▸ **Entries taken from a collection**:

=====

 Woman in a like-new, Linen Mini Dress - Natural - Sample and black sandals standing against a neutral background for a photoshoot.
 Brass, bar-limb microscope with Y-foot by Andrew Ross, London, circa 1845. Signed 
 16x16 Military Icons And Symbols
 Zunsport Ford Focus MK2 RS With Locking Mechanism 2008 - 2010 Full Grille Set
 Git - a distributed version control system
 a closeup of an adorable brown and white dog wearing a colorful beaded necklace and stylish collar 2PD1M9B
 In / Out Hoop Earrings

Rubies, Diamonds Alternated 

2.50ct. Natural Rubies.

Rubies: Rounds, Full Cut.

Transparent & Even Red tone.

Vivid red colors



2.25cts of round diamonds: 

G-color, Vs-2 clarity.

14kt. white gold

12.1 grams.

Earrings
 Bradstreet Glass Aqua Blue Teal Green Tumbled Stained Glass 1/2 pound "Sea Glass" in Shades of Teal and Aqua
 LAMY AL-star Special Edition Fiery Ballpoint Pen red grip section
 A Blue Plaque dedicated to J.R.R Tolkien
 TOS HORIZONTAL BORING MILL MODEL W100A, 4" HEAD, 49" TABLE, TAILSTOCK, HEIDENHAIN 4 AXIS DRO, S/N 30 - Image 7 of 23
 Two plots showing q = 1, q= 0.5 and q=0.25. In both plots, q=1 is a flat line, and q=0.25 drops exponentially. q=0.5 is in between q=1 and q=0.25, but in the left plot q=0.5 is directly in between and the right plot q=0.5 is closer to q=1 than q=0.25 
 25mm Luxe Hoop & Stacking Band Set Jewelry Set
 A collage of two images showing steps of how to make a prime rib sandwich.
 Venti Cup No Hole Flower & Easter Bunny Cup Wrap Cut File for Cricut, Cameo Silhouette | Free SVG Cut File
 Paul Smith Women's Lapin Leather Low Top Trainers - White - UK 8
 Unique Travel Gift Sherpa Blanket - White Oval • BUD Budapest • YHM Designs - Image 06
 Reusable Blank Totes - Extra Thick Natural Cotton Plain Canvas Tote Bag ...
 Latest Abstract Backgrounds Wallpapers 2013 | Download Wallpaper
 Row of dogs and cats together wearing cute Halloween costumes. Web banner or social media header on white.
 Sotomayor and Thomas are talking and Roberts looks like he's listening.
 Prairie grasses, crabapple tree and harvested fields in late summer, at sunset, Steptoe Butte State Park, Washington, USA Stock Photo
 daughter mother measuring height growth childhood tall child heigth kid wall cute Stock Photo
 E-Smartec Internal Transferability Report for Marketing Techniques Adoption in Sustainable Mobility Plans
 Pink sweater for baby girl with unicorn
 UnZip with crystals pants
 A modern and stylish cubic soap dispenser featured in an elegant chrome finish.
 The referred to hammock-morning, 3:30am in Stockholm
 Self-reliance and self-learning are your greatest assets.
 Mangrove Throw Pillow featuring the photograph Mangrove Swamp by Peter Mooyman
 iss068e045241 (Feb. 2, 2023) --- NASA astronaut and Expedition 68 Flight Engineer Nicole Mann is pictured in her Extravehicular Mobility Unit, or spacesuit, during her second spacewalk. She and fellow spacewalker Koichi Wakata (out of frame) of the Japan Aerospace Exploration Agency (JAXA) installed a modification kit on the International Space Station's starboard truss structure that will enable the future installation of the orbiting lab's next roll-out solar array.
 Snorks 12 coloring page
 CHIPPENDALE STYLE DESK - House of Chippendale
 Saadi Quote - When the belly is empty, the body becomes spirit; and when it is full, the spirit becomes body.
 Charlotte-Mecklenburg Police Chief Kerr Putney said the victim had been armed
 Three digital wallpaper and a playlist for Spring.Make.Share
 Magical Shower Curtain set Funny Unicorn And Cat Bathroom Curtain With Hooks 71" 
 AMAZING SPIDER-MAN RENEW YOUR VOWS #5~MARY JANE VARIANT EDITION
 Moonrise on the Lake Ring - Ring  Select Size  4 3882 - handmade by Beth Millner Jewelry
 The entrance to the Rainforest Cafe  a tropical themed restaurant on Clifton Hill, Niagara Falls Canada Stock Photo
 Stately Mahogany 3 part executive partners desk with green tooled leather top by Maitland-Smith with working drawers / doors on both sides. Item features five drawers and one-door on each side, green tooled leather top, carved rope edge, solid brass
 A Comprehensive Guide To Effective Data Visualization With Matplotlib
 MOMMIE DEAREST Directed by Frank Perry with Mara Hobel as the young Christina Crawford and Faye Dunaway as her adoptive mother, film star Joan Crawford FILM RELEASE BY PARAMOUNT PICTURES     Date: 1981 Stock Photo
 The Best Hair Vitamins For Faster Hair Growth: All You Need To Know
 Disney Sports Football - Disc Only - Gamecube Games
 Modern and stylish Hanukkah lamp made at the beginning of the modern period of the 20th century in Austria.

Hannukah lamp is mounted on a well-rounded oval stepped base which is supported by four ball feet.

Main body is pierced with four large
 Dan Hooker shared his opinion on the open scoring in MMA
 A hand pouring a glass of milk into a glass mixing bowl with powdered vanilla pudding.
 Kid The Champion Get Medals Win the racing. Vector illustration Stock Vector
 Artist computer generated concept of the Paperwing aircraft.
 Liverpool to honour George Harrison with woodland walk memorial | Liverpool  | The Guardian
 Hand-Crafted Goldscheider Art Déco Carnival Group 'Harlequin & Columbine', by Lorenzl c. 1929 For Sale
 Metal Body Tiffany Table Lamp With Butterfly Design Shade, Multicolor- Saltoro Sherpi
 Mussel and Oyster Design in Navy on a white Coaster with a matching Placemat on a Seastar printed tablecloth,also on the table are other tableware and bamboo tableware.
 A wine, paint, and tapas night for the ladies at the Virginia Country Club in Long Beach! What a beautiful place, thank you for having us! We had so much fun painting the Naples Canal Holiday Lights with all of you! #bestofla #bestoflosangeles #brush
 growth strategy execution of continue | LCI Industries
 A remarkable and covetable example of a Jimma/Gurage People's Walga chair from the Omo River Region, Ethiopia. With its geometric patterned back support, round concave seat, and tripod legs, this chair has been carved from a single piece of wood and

=====

▸ **WHAT IS BEING ASKED**: Please print the lines from the start of the records up to and including the line with "Unique Travel Gift", copying each one exactly and leaving out the rest.

▸ **SOLUTION FOR THIS EXERCISE**:
 Woman in a like-new, Linen Mini Dress - Natural - Sample and black sandals standing against a neutral background for a photoshoot.
 Brass, bar-limb microscope with Y-foot by Andrew Ross, London, circa 1845. Signed 
 16x16 Military Icons And Symbols
 Zunsport Ford Focus MK2 RS With Locking Mechanism 2008 - 2010 Full Grille Set
 Git - a distributed version control system
 a closeup of an adorable brown and white dog wearing a colorful beaded necklace and stylish collar 2PD1M9B
 In / Out Hoop Earrings

Rubies, Diamonds Alternated 

2.50ct. Natural Rubies.

Rubies: Rounds, Full Cut.

Transparent & Even Red tone.

Vivid red colors



2.25cts of round diamonds: 

G-color, Vs-2 clarity.

14kt. white gold

12.1 grams.

Earrings
 Bradstreet Glass Aqua Blue Teal Green Tumbled Stained Glass 1/2 pound "Sea Glass" in Shades of Teal and Aqua
 LAMY AL-star Special Edition Fiery Ballpoint Pen red grip section
 A Blue Plaque dedicated to J.R.R Tolkien
 TOS HORIZONTAL BORING MILL MODEL W100A, 4" HEAD, 49" TABLE, TAILSTOCK, HEIDENHAIN 4 AXIS DRO, S/N 30 - Image 7 of 23
 Two plots showing q = 1, q= 0.5 and q=0.25. In both plots, q=1 is a flat line, and q=0.25 drops exponentially. q=0.5 is in between q=1 and q=0.25, but in the left plot q=0.5 is directly in between and the right plot q=0.5 is closer to q=1 than q=0.25 
 25mm Luxe Hoop & Stacking Band Set Jewelry Set
 A collage of two images showing steps of how to make a prime rib sandwich.
 Venti Cup No Hole Flower & Easter Bunny Cup Wrap Cut File for Cricut, Cameo Silhouette | Free SVG Cut File
 Paul Smith Women's Lapin Leather Low Top Trainers - White - UK 8
 Unique Travel Gift Sherpa Blanket - White Oval • BUD Budapest • YHM Designs - Image 06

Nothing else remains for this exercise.